Il nostro tour – che è in qualche sorta anche geografico – parte dalla Cina con Cai Guo-Qiang, artista multimediale di fama internazionale con atelier a Manhattan, che ha raggiunto la popolarità anche tra un pubblico più ampio grazie ai fuochi d’artificio realizzati in occasione delle Olimpiadi di Beijing. Uno spettacolo effimero eppure profondamente legato alla cultura e alle radici storiche della Cina, che rappresenta già come significante la variabile dell’atemporalità o della smaterializzazione dell’opera d’arte. Non a caso, in mostra sono esposte alcune tele realizzate con la polvere da sparo. Ricordiamo che il processo di smaterializzazione delle proprie opere, Cai Guo-Qiang lo sta portando avanti anche con l’affascinante cAI™: An Artificial Intelligence Project.

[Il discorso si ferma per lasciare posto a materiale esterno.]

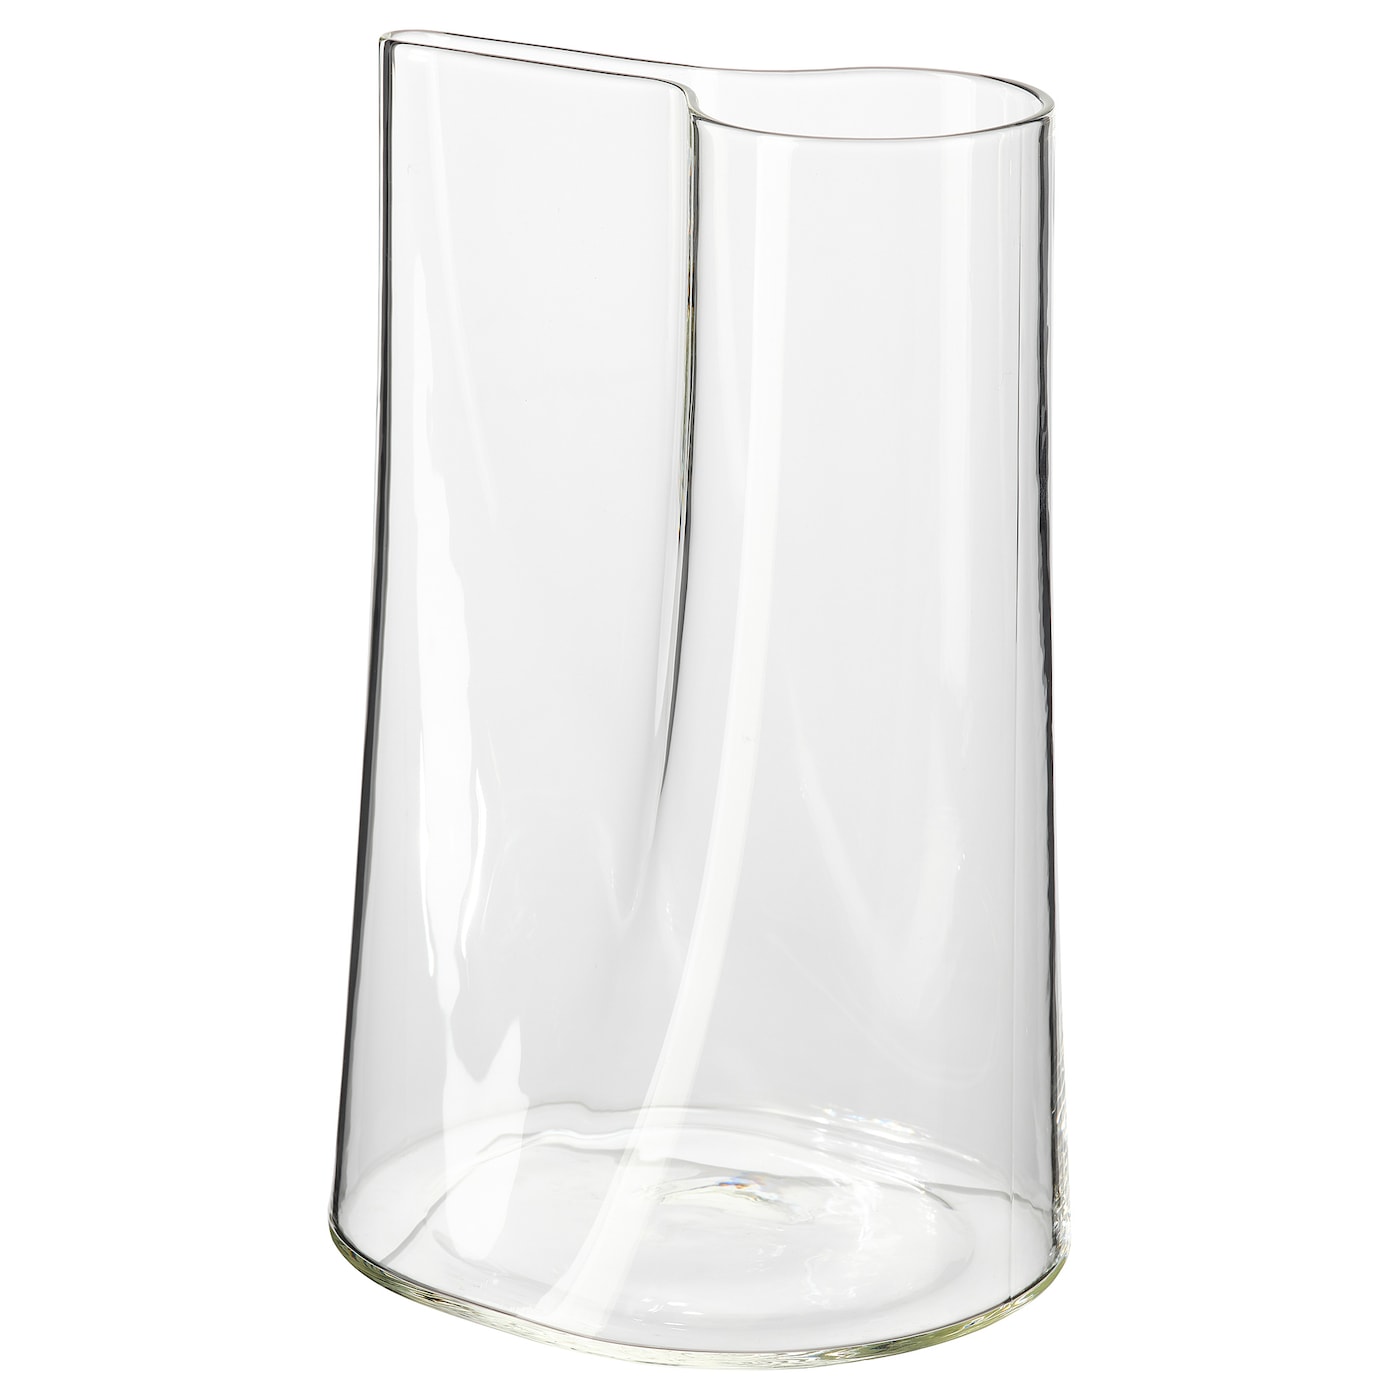 CHILIFRUKT ЧИЛИФРУКТ Ваза/лейка, прозрачное стекло, 21 см IKEA ваза для цветов лучший учитель обж

Centrale all’ingresso, Absorption (di Alicja Kwade, che ritroveremo nell’ultima tappa del viaggio). Materico, teso, basico, viscerale ma, al contempo, siderale laddove lo specchio riflette e liquefa, mentre le rocce di tre diversi materiali rimandano al magma da cui si è generata la vita: quella base composta da carbonio, idrogeno, ossigeno e azoto – che ci accomuna, noi atomi dispersi, all’intero universo. Nella medesima sala, affascinante l’accostamento con The way we were di Arcangelo Sassolino dove il basalto nero e la pressa restituiscono sia la tensione materica propria di questa sezione, sia una comune vocazione coloristica e un tentativo di ricollegare un microcosmo atomico a una aspirazione macrocosmica.
E ben si coniuga a questo fil ‘gris’, Eternità, di Sabrina Mezzaqui che prosegue la sua ricerca sul segno/parola con una piccola scultura di ghiaccio fortemente emotiva sospesa in una essenziale struttura d’acciaio inossidabile. L’eternità, come la bellezza o il profumo della rosa, risiede nella parola (il rimando shakespeariano pare d’obbligo), o nell’acqua che – seppure si trasforma a livello materico, rimane chimicamente invariata?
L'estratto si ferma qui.